Das Zugpferd der Fördervereine sind dabei die „schrumpfenden öffentlichen Kassen“, die kompensiert werden müssen. Zumal es hier um „ihre Kinder“ geht. Wenn man diese gut gemeinte Fördervereinskonstruktion funktionalistisch durchanalysiert, erhält man jedoch ein eher erschreckendes Bild.
Fördervereine sind nach Wikipedia Verbindungen von „potenziellen Geldgebern“ und „unterfinanzierten gemeinnützigen Projekten“. Ich denke es liegt auf der Hand, das Eltern in Deutschland mehrheitlich nicht als „potenzielle Geldgeber“ zu betrachten sind. Genauso wenig sind Schulen „gemeinnützige Projekte“. Zumindest nicht in dem Sinne, der hier wohl gemeint ist.
Förderverein verlagern die Verantwortung des Staates in die privaten, direkt involvierten Hände der Eltern. Die einzelne Schule wird dabei zur grundlegenden Kategorie. Welche sich nicht selbst hilft, geht unter. Eltern werden, neben ihrer grundsätzlichen gesellschaftlichen Belastung durch ihren Nachwuchs noch direkter in Verantwortung und unverhältnismässiges Engagement gedrängt. Im Grunde sind Mitgliedsbeiträge für schulische Fördervereine als versteckte Schulgebühren zu begreifen. Dabei könnte es genau umgekehrt sein, dass Bürger ohne Kinder ihre Freiheit zumindest finanziell kompensieren. Denn die Vorteile gesellschaftlichen Nachwuchses genießen sie auch.
Wieso hat sich diese Struktur von Fördervereinen dennoch durchgesetzt um Schulen am Leben zu erhalten? Wie immer, weil sie funktioniert – und zu meiner Erklärung, weshalb das so ist, möchte ich meine allererste Gender-Studie in Worte fassen, sie beruht auf genau einem von mir beobachteten Fall einer NRW-Grundschule:
Erste Beobachtung: Der Förderverein besteht aus engagierten Frauen. Zumindest ist er bei der Einschulung nur durch weibliche Mitglieder, die stapelweise Mitgliedschaftsbögen verteilt haben, in Erscheinung getreten. Zweite Beobachtung: Die Bögen ausgefüllt und teilweise vor Ort bezahlt, haben zumeist Männer.
Mein Erklärung dazu ist simpel und ein bisschen holprig. Aber, Frauen interessieren sich verhältnismäßig seltener für das „abstrakte Große und Ganze“, Männer sind eher von Kleinigkeiten genervt und absolvieren sie ohne viel nachzudenken, Hauptsache es geht vorbei.
Und genau das äußert sich bei Fördervereinen. Mütter gehen zwei Stunden lang von Elternpaar zu Elternpaar, um sich für die gute Sache einzusetzen.
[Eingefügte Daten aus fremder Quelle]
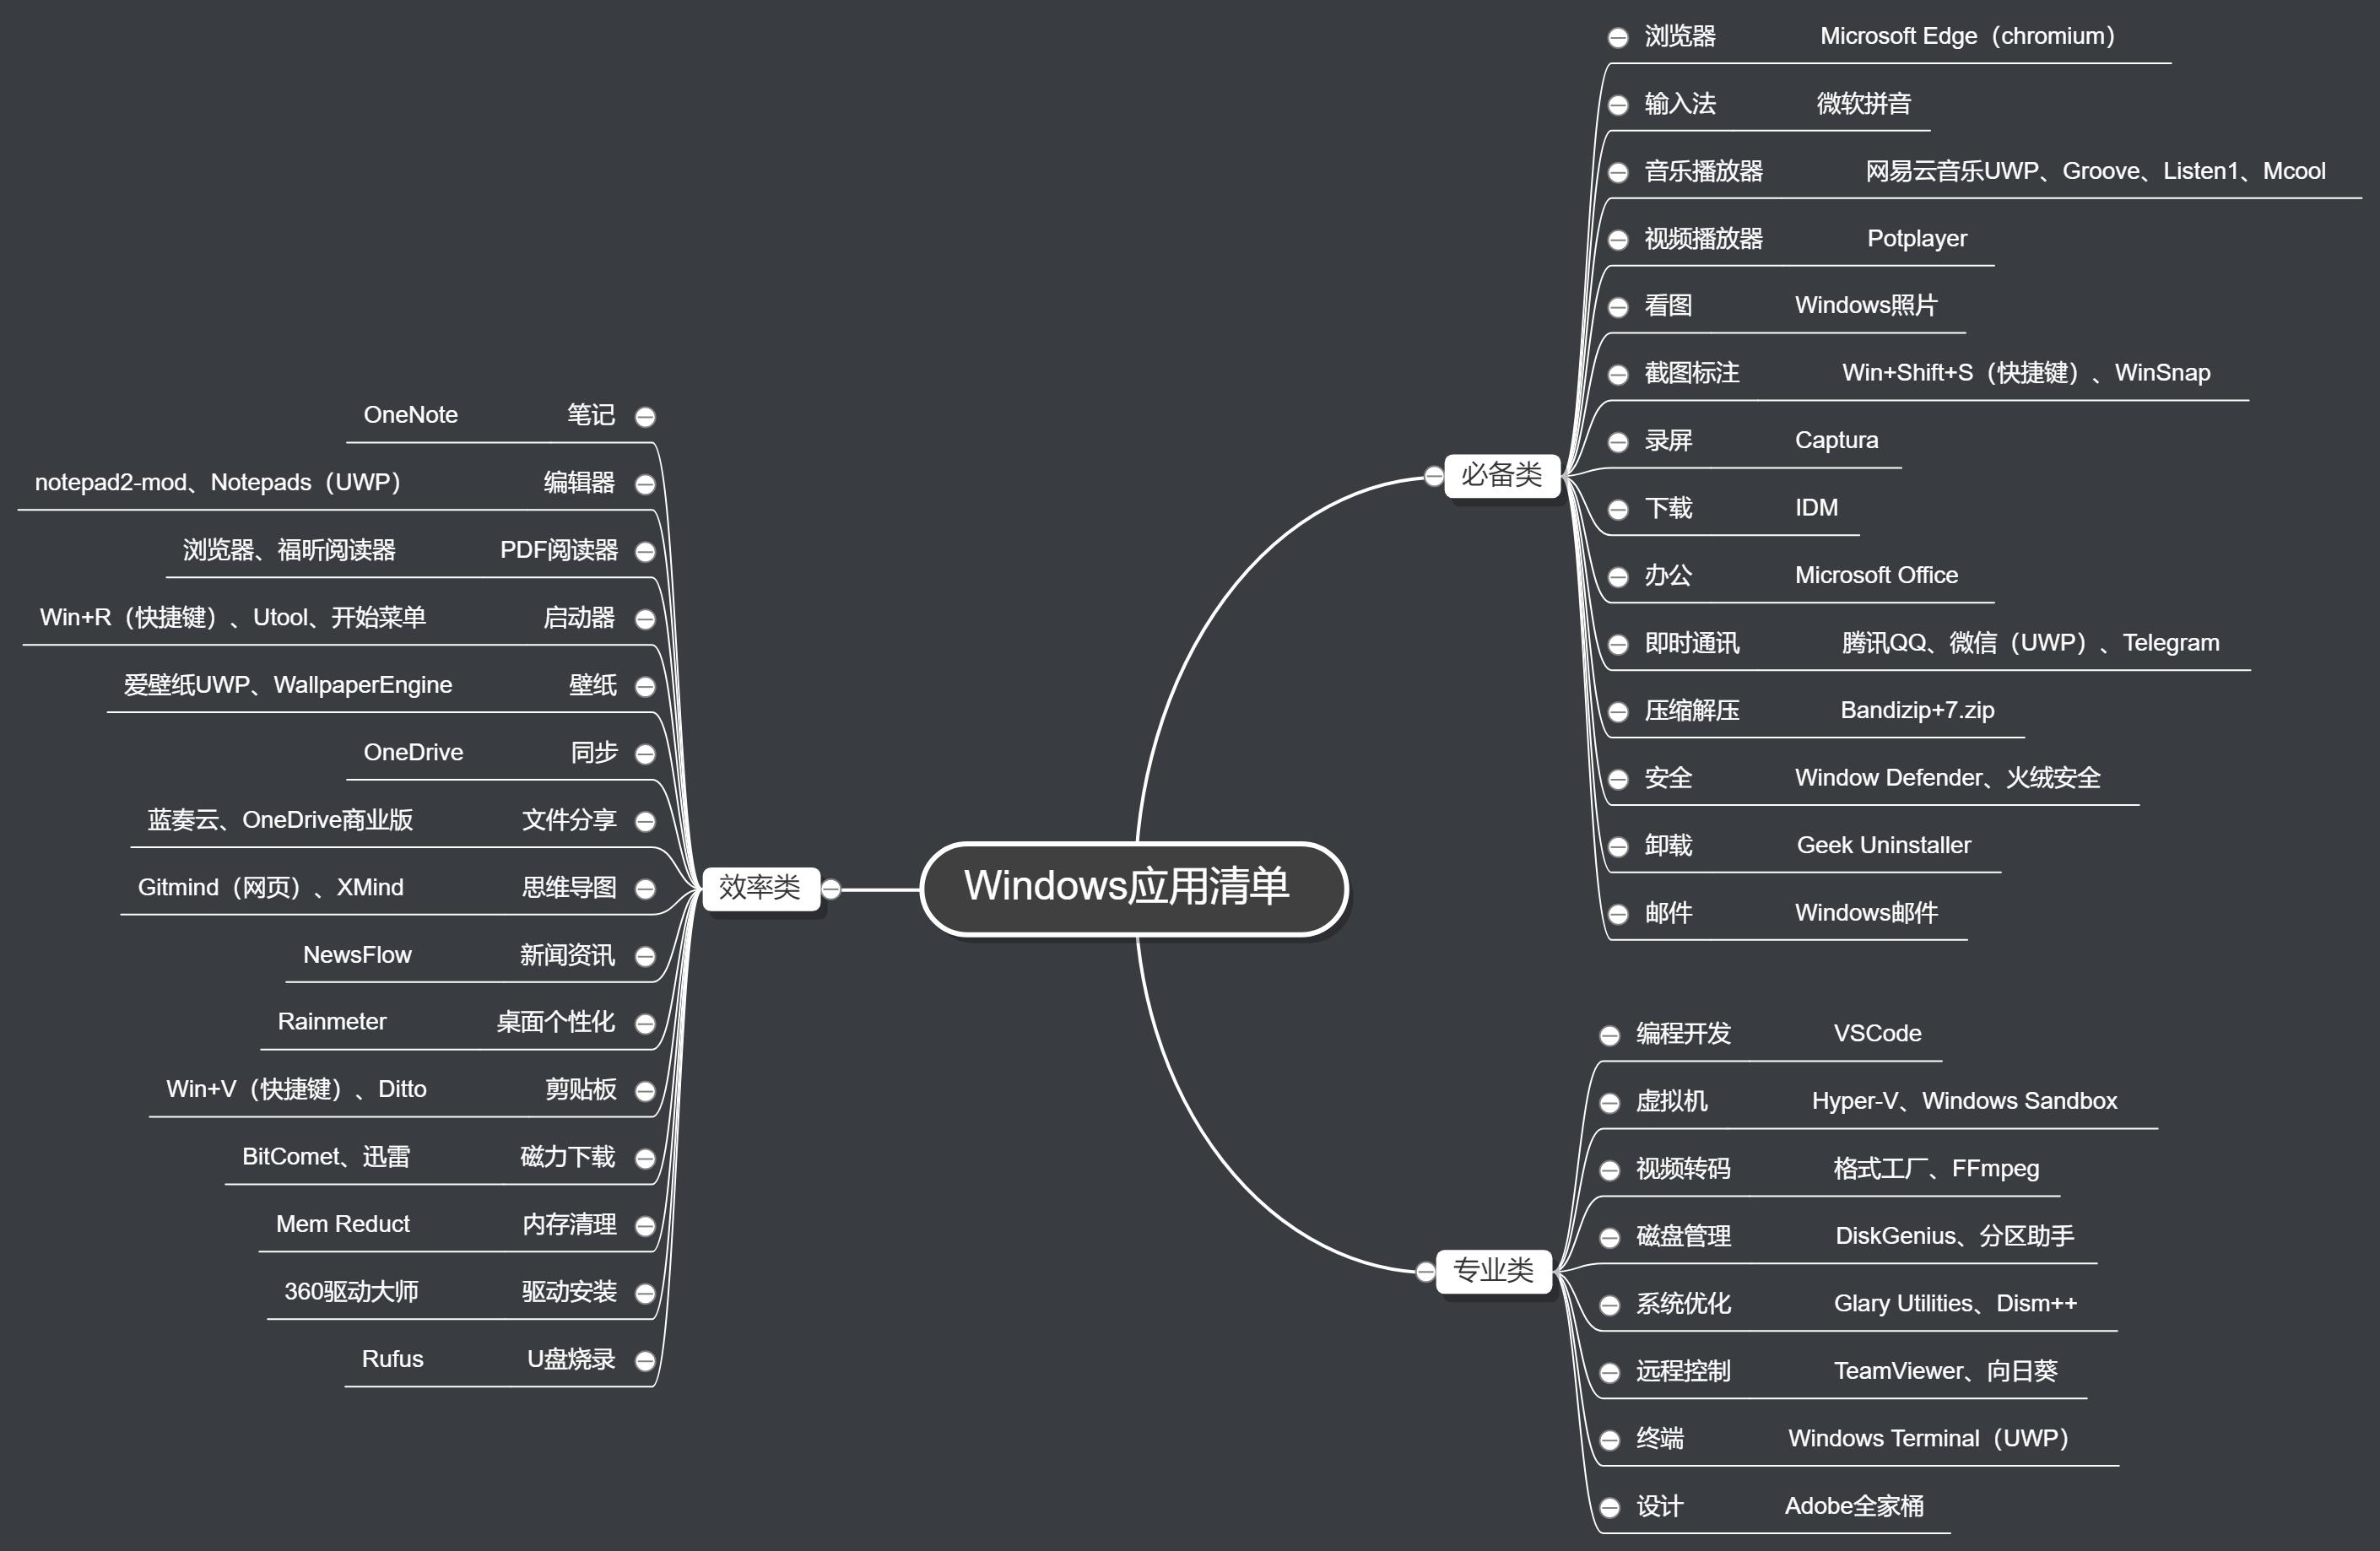 Dream Maker 2020年度应用清单导图

Väter dagegen sind nach 20 Sek. Kontakt mit dem Förderverein schon bedient, und machen gute Mine zum nervigen Spiel, das am besten gelingt, wenn sie ganz schnell bezahlen.
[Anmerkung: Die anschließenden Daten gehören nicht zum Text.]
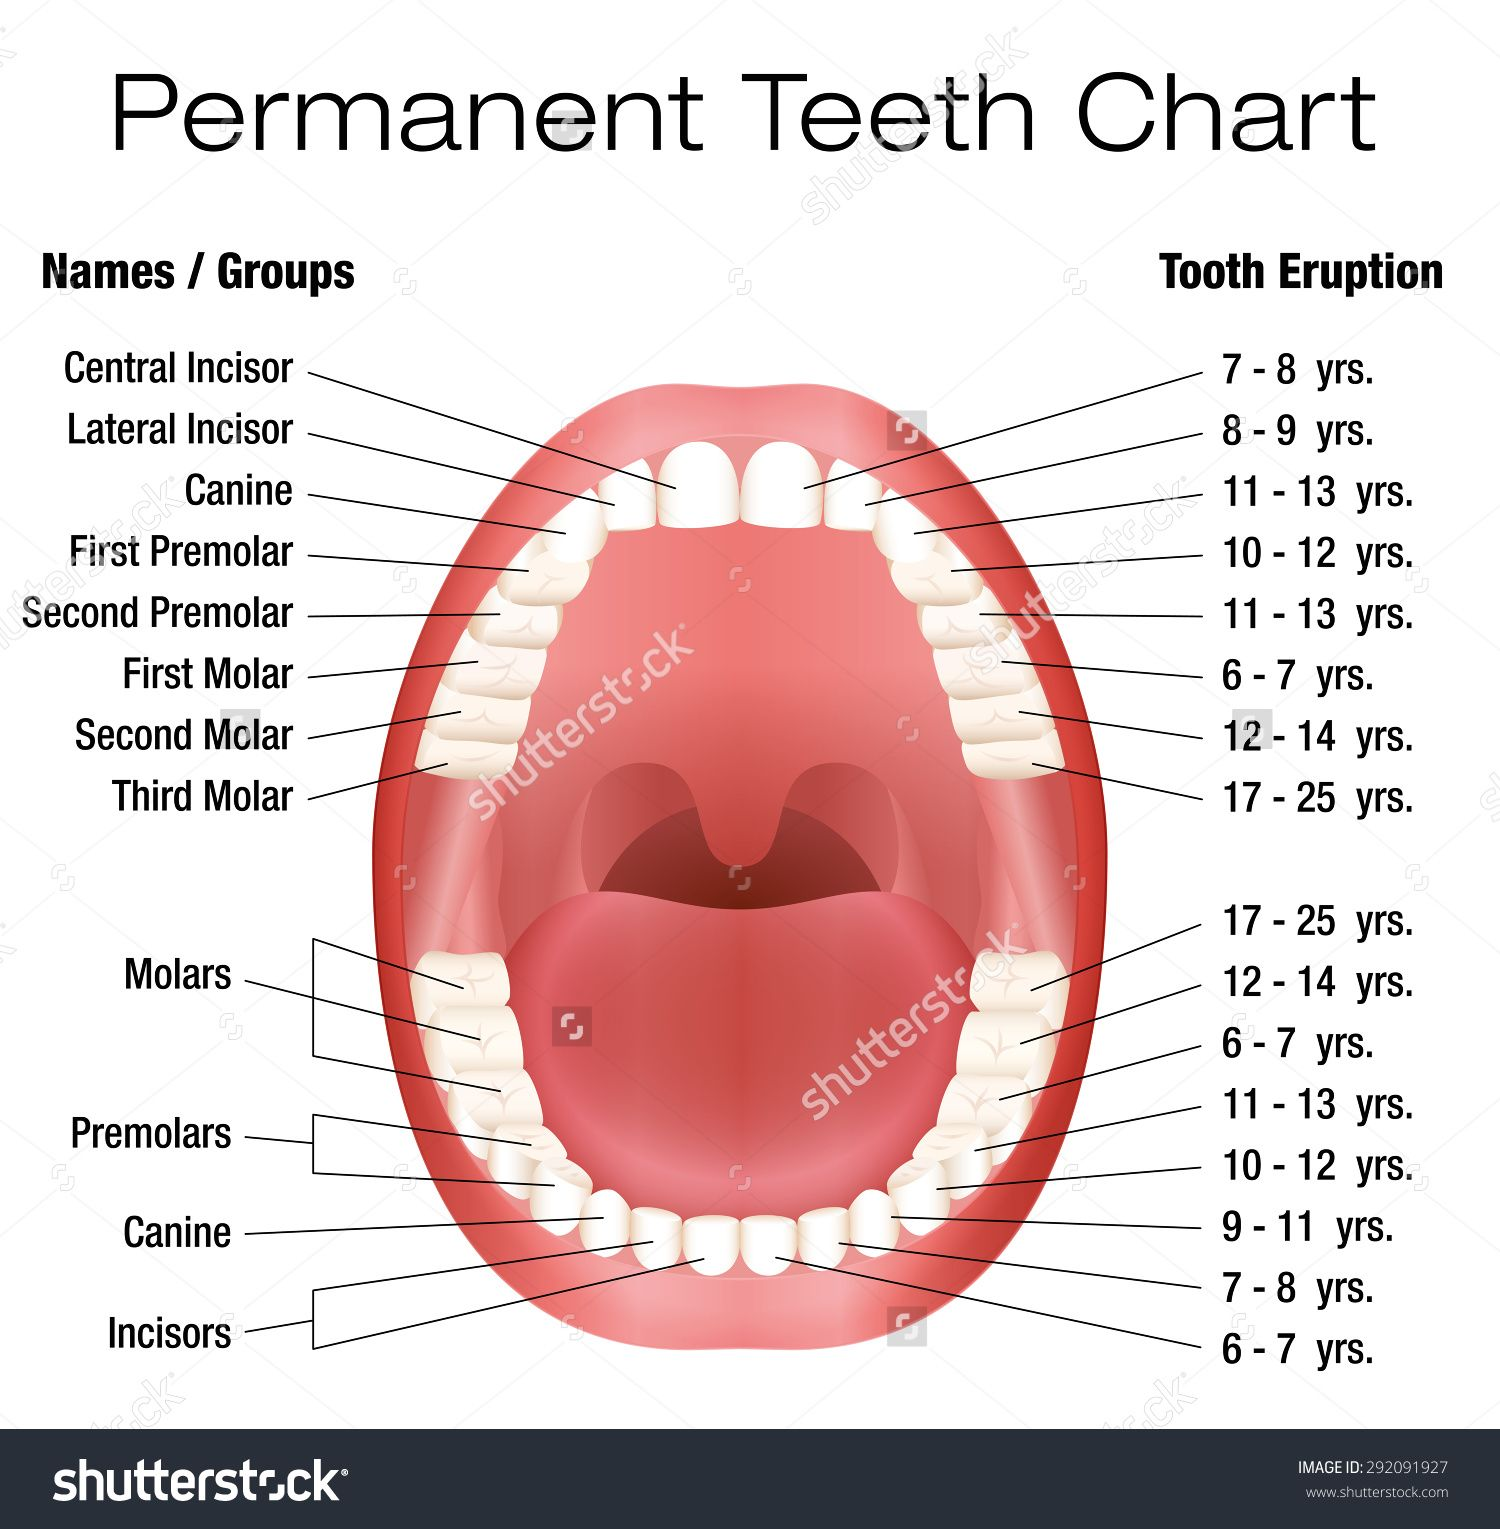 hight resolution of teeth eruption chart teeth images human teeth body organs tooth diagram

Die Eltern werden gegeneinander ausgespielt, und der eigentliche Verursacher der Misere, bleibt außen vor. Der (im Wortsinne) unfassbare Staat tritt allenfalls in Sitzungen des Fördervereins als Motivationsgrundlage zutage, doch anstatt in diesem Moment aktiv angegangen zu werden, konzentrieren sich die Anwesenden lieber auf die unmittelbaren Projekte des Fördervereins.
Meiner Meinung nach sollte das anders laufen. Wenn ich für einen schulischen Förderverein bezahlen würde, würde ich mich in ihm engagieren und darauf hinwirken, dass man mit den Mitgliedsbeiträgen einmal dort Krach macht, wo das eigentliche Übel zu verorten ist. Die jährlichen Mitgliedsbeiträge eines Bundeslandes dürfte doch reichen um einmal die Ministerpräsidenten auf Verbesserung ihres Gewissens zu verklagen bzw. auf Aufgabe ihrer Verpflichtung gegenüber ihres Gewissens. Aber zu so was wird es in Deutschland nie kommen, da fehlt uns französischer Geist.
Dass unser Schulsystem marode ist, darin stimmen wir überein ;-)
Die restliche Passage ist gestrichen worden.